During your experience, did you gain information about life's difficulties, challenges and hardships? Yes
I felt it that we pick the soul experience we want and my soul was not done growing there is more I need to do for the greater good of humanity.

During your experience, did you gain information about love? Yes
I felt love love was the only truth. The self hate I felt prior was gone. Love was the only universal truth, well I should say love is the only universal truth that should be uniting us.

What life changes occurred in your life after your experience? Large changes in my life
Today my life is completely different. There was so much transformation and healing that I did on my own that I can only credit it to being a true divine intervention.

Have your relationships changed specifically because of your experience? Yes
I have healthy relationships now. I am a different person.

After the NDE:

Was the experience difficult to express in words? Yes
It is very difficult to put in words because so much of it was just felt, through it all it felt like a seed of light was implanted in me that was ultimately going to change my life completely. I didn’t want the change that was about to come and tried to fight it the best I could. But there was divine healing intervention place inside me that was going to slowly unravel and heal me.

How accurately do you remember the experience in comparison to other life events that occurred around the time of the experience? I remember the experience more accurately than other life events that occurred around the time of the experience
It is a very vivid memory that doesn’t detour, it doesn’t change. It is a same memory as when I went into labor with my daughter. It is as vivid if not more so.

Do you have any psychic, non-ordinary or other special gifts after your experience that you did not have before the experience? Yes
I feel and know things before they happen. The more I trust myself the more I am in tune with my whole self the more I can see clearly the steps I need to take. Everything I have created so far has been in guidance with my spirit voice and voices by those who have passed.

Are there one or several parts of your experience that are especially meaningful or significant to you? Being with my babushkas. That is so potent to me. Knowing that I was with them and knowing now they are still with me guiding me cheering me.

Have you ever shared this experience with others? Yes
I just began sharing my NDE in 2025. I have never really dug into my NDE I feared if I shared what I saw what I went through I would be institutionalized. In 2024 I began writing my memoir and it poured out of me, and I touched upon my NDE in the memoir , which ultimately unleashed it for me and to have the comfort in sharing my story. But my NDE occurred in 2007, I was 23 years old. But it was the experience that forever transformed my life. I understand it now and I embrace it now.

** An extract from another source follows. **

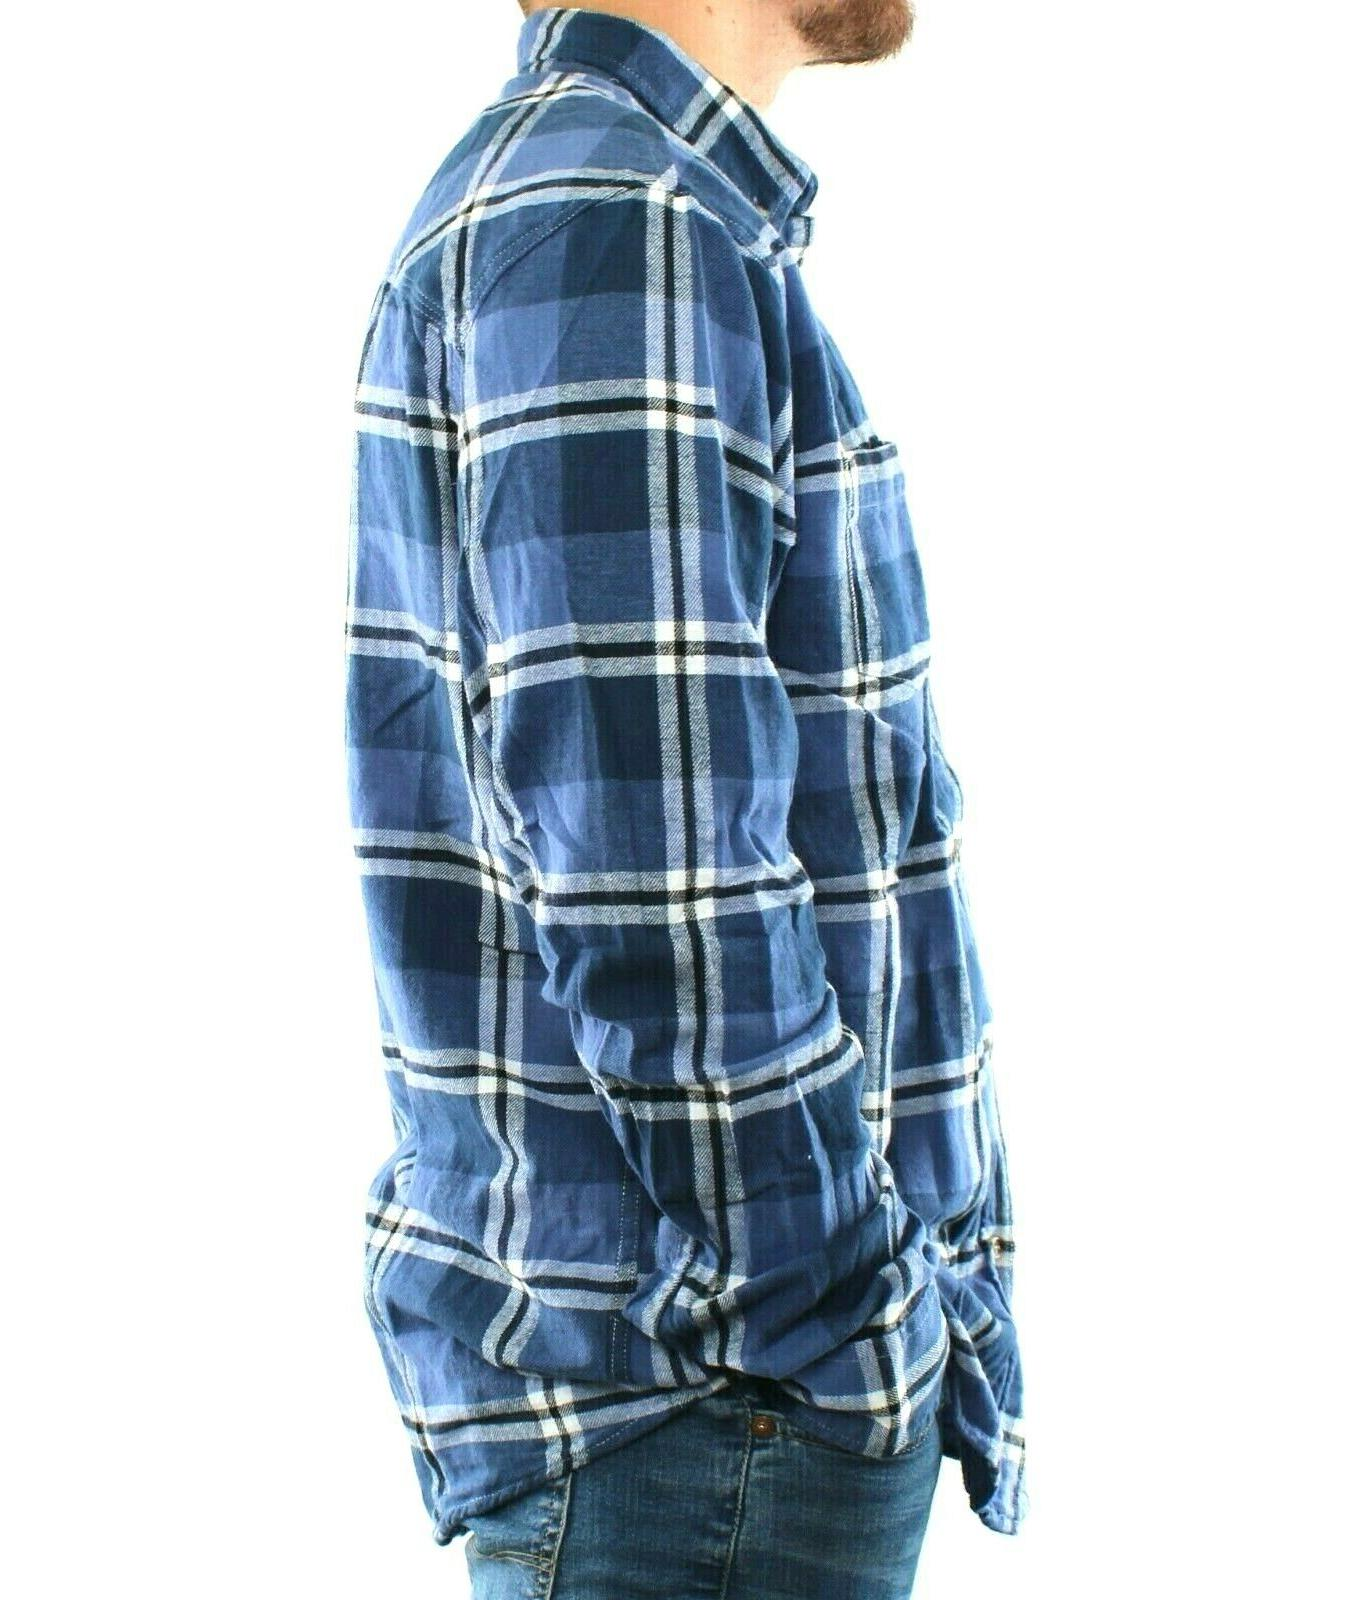 St. Johns Shirt Sleeve
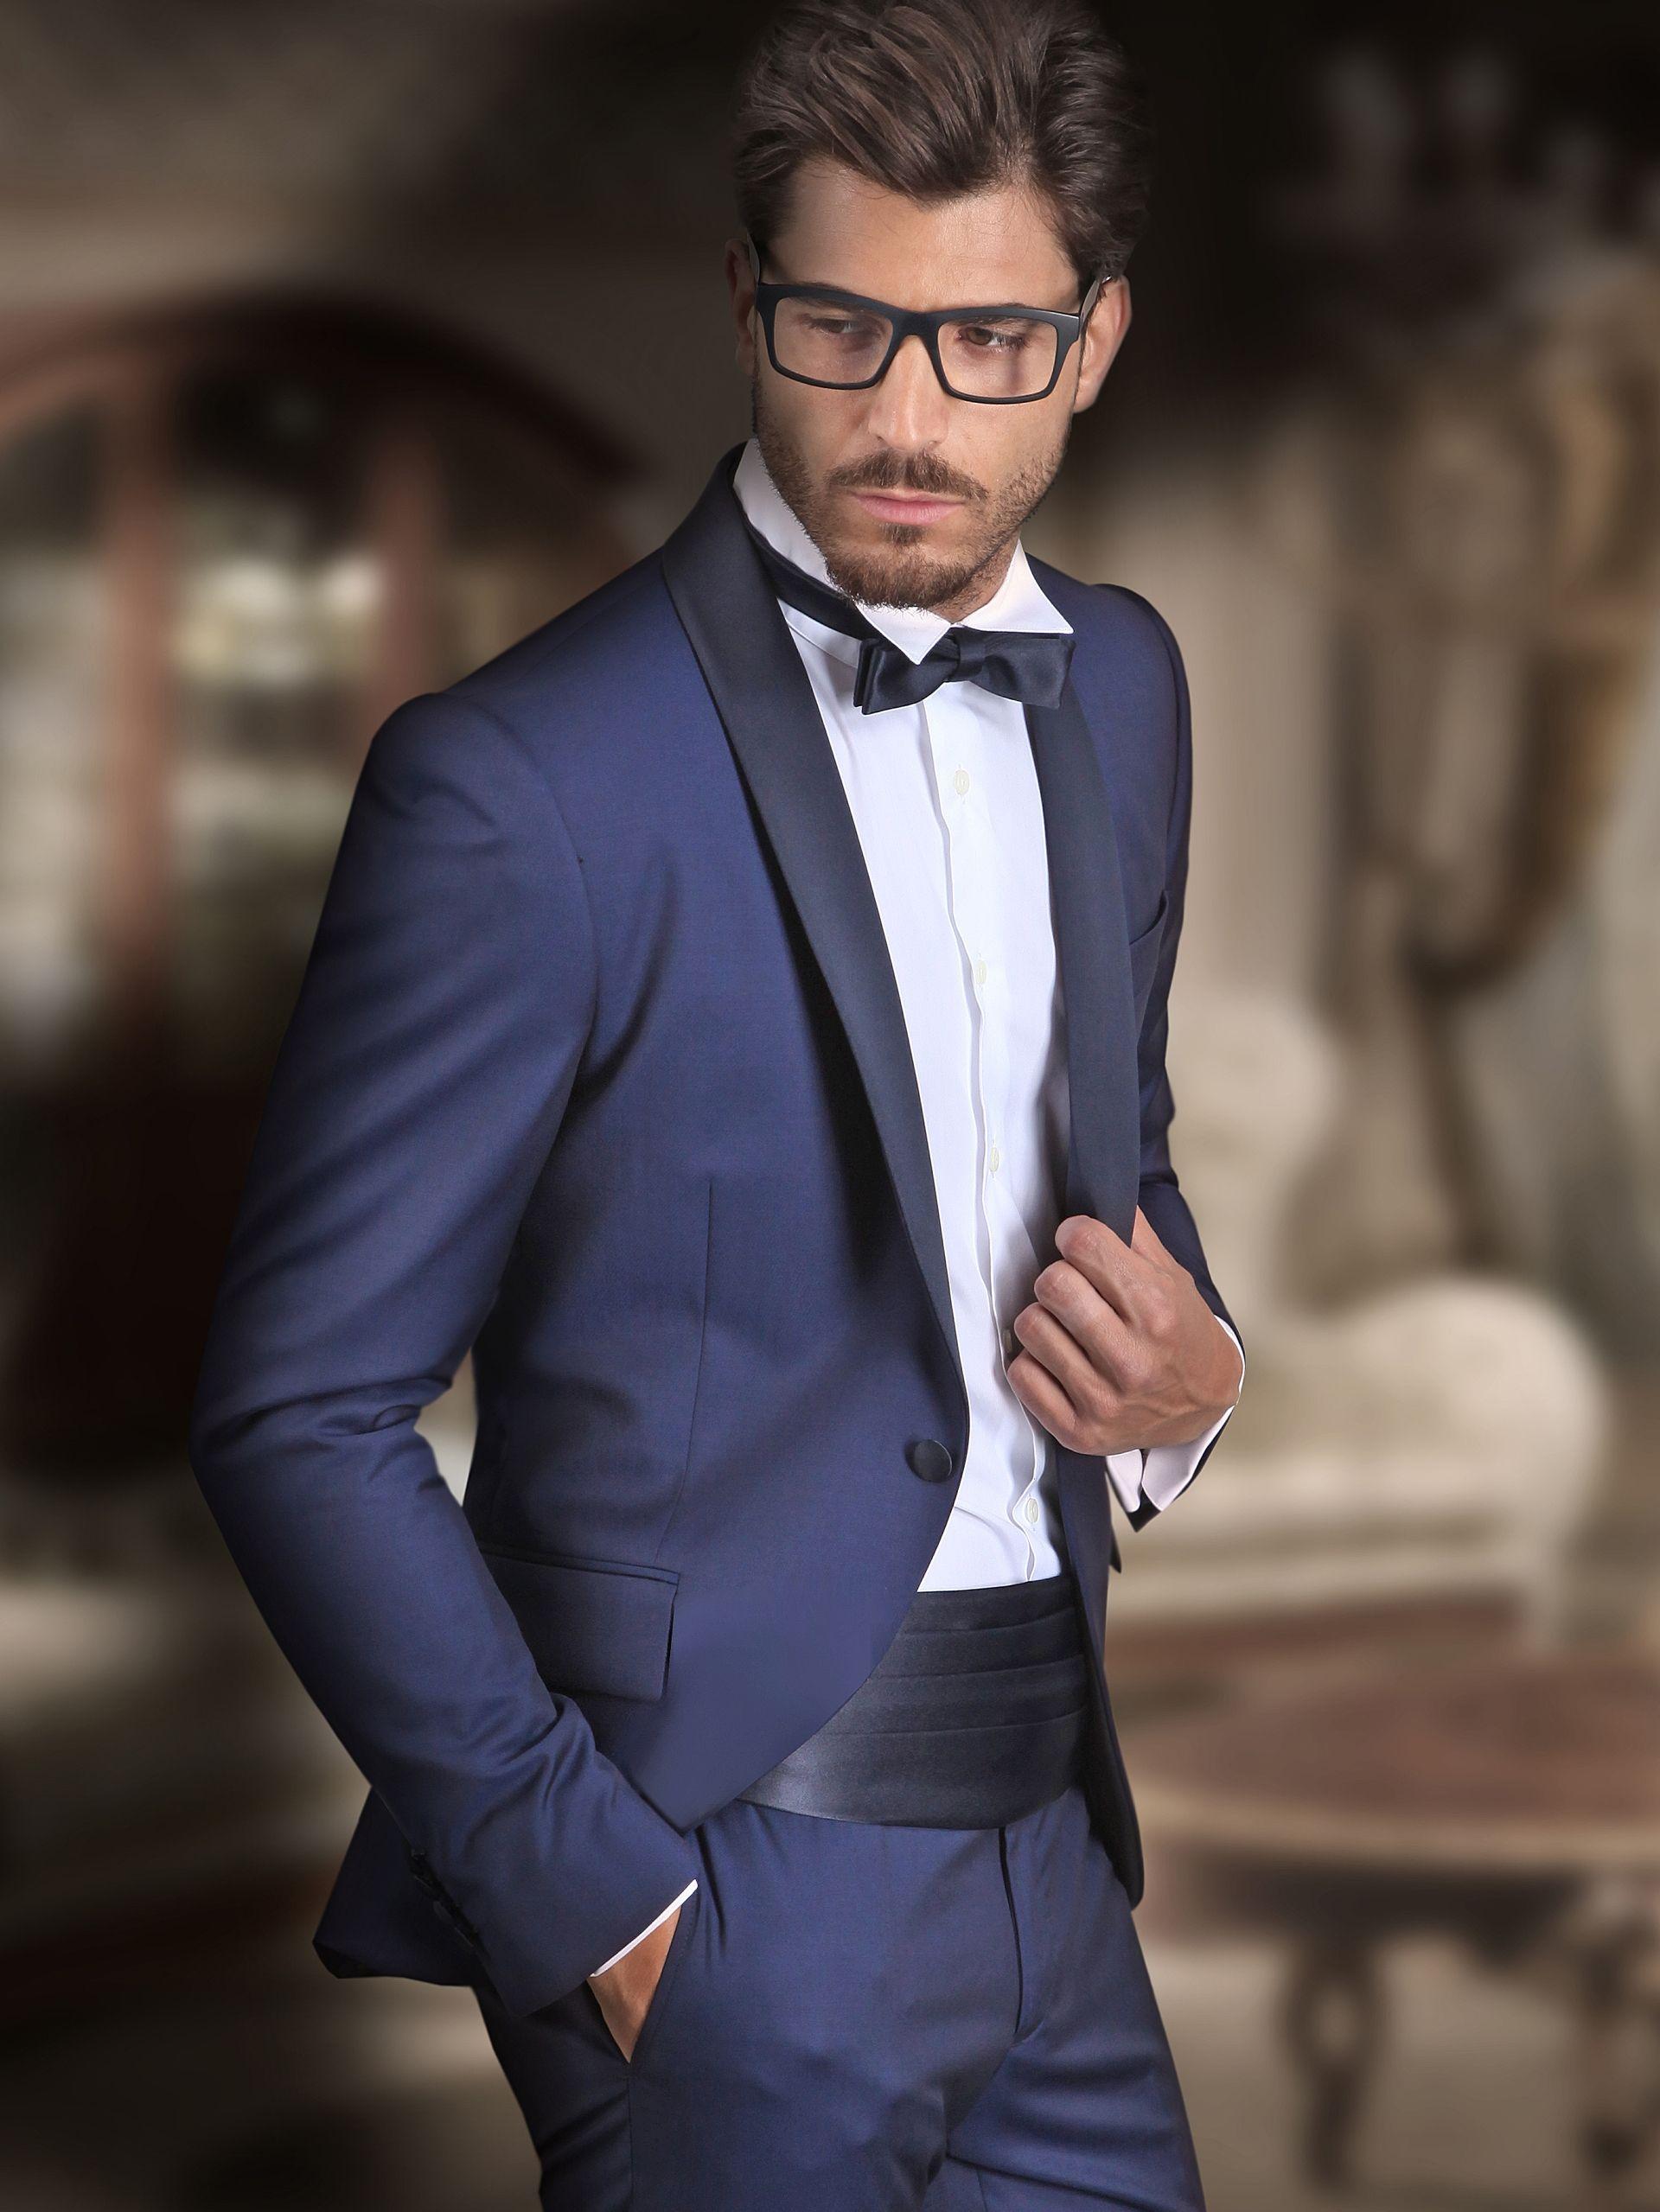 Vestito Matrimonio Uomo Vintage : Abiti da sposo uomo prezzi smok pinterest

Did you have any knowledge of near death experience (NDE) prior to your experience? No

What did you believe about the reality of your experience shortly (days to weeks) after it happened? Experience was definitely not real
I just wanted to deny the experience. I didn’t even tackle that experience and understanding it until last year. I had never met anyone who had an NDE.

What do you believe about the reality of your experience now? Experience was definitely real
It is my truth, the experience my death and what I learned within my death. I can back with special abilities, which I denied myself for so long but they keep proving themselves to be true.

At any time in your life, has anything ever reproduced any part of the experience? Yes
My purpose began to unfold in front me.

Did the questions asked and information that you provided accurately and comprehensively describe your experience? Yes
I believe so.

Anything else to add? No I don’t believe so.